* TASK OBJECTIVE:
A faithful copy is required. Print each line of the data exactly and omit the pictures.

* DATA BELOW:
****************************************

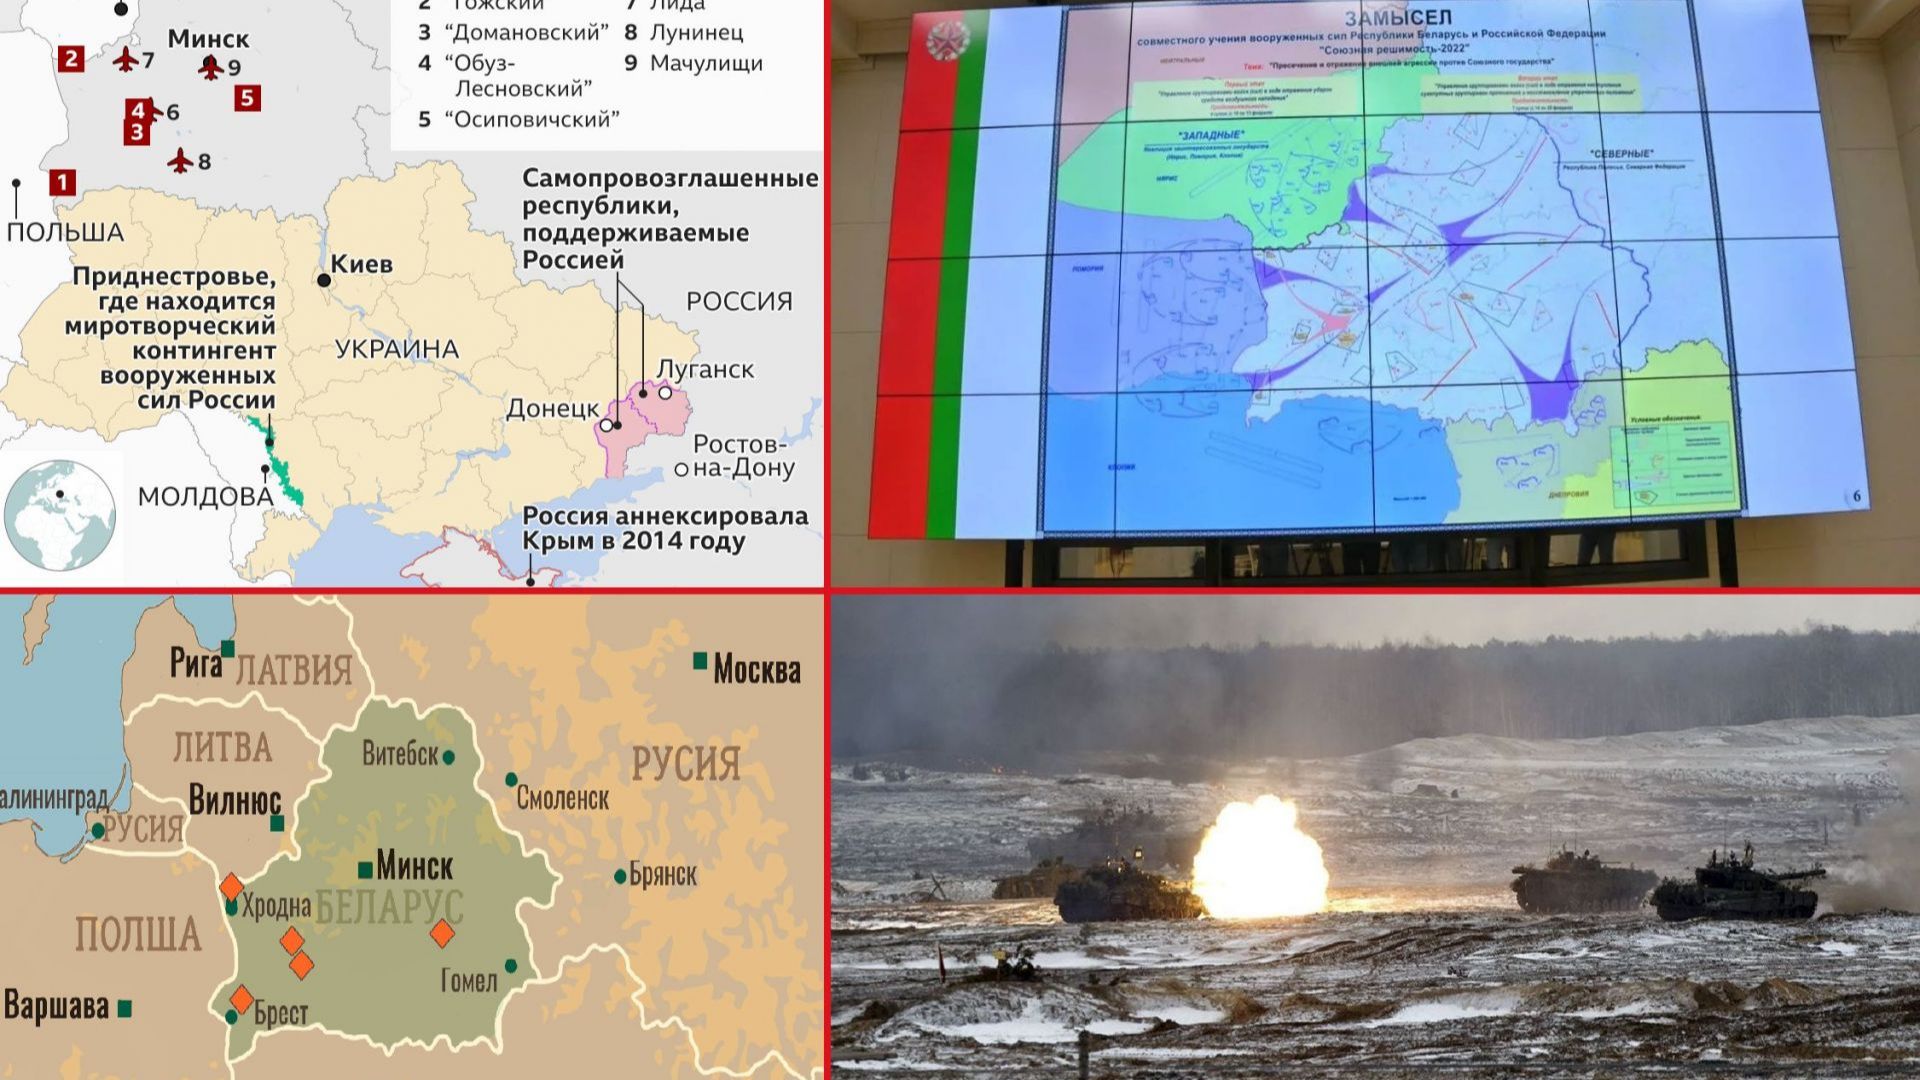 Настъпление под претекст за мироопазваща акция: Сценарият на Москва и Минск за "Съюзна решимост"
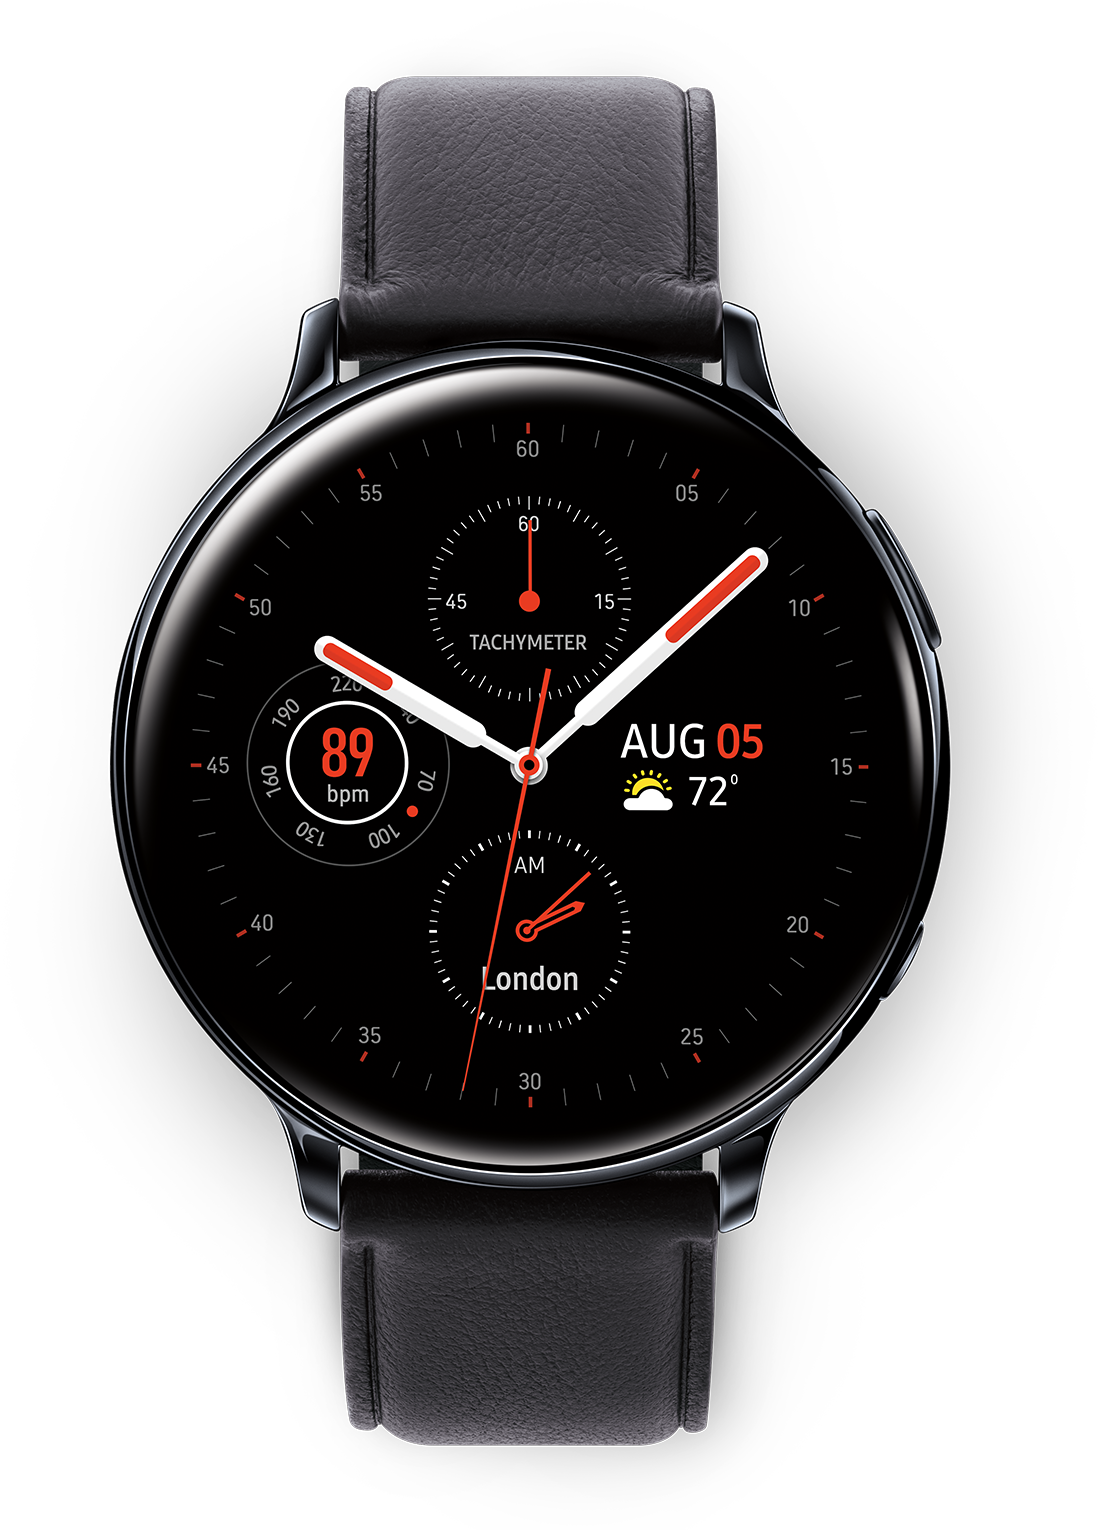 Samsung Galaxy Watch Active2 LTE
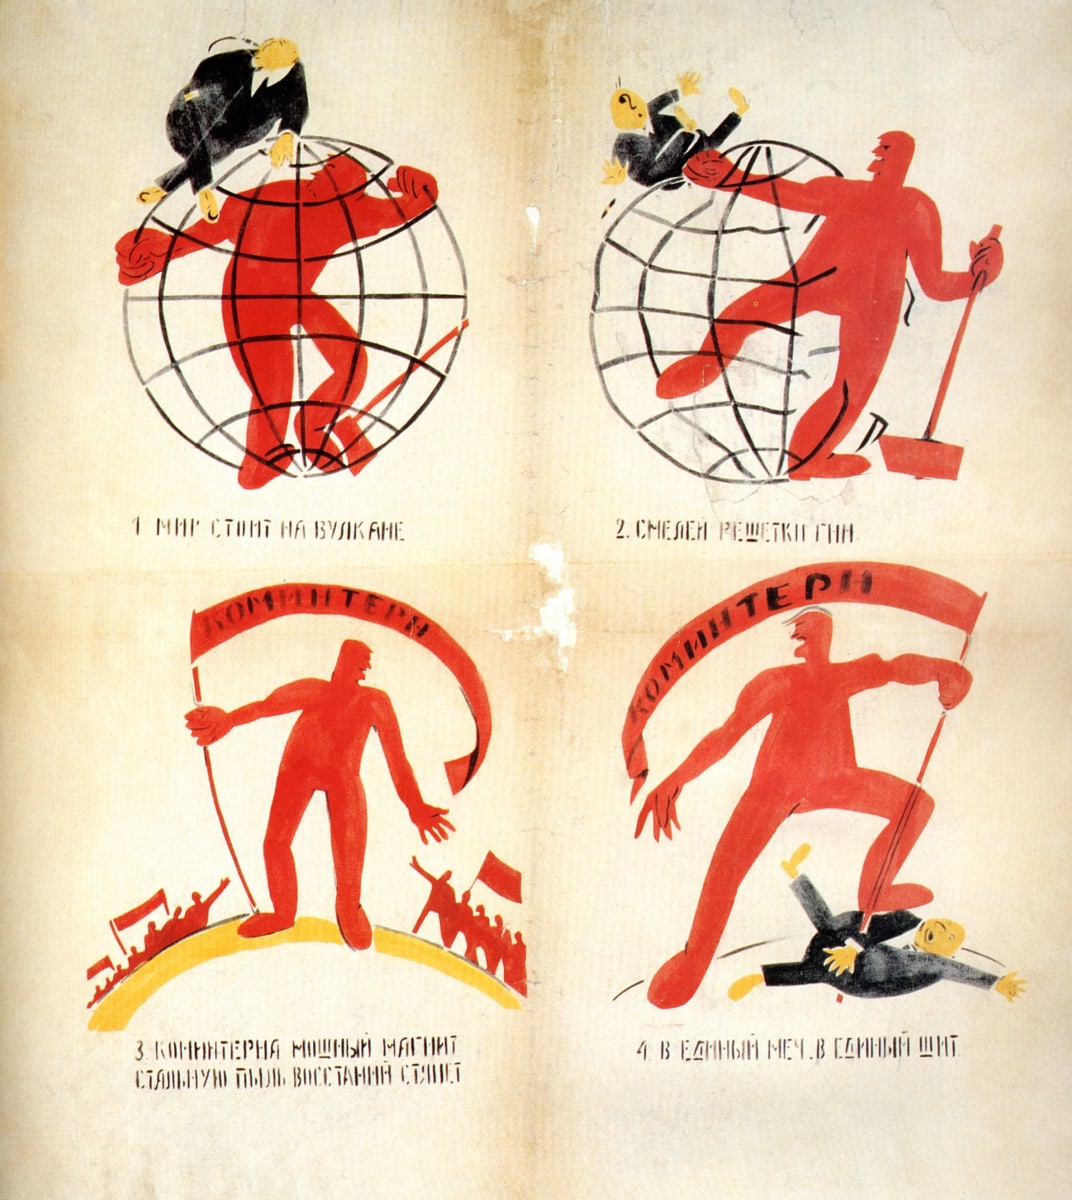 Плакат из серии “Окна сатиры РОСТА” 1919-1921 гг.

****************************************

* ANSWER BELOW:
 Настъпление под претекст за мироопазваща акция: Сценарият на Москва и Минск за "Съюзна решимост"
 Samsung Galaxy Watch Active2 LTE
 Плакат из серии “Окна сатиры РОСТА” 1919-1921 гг.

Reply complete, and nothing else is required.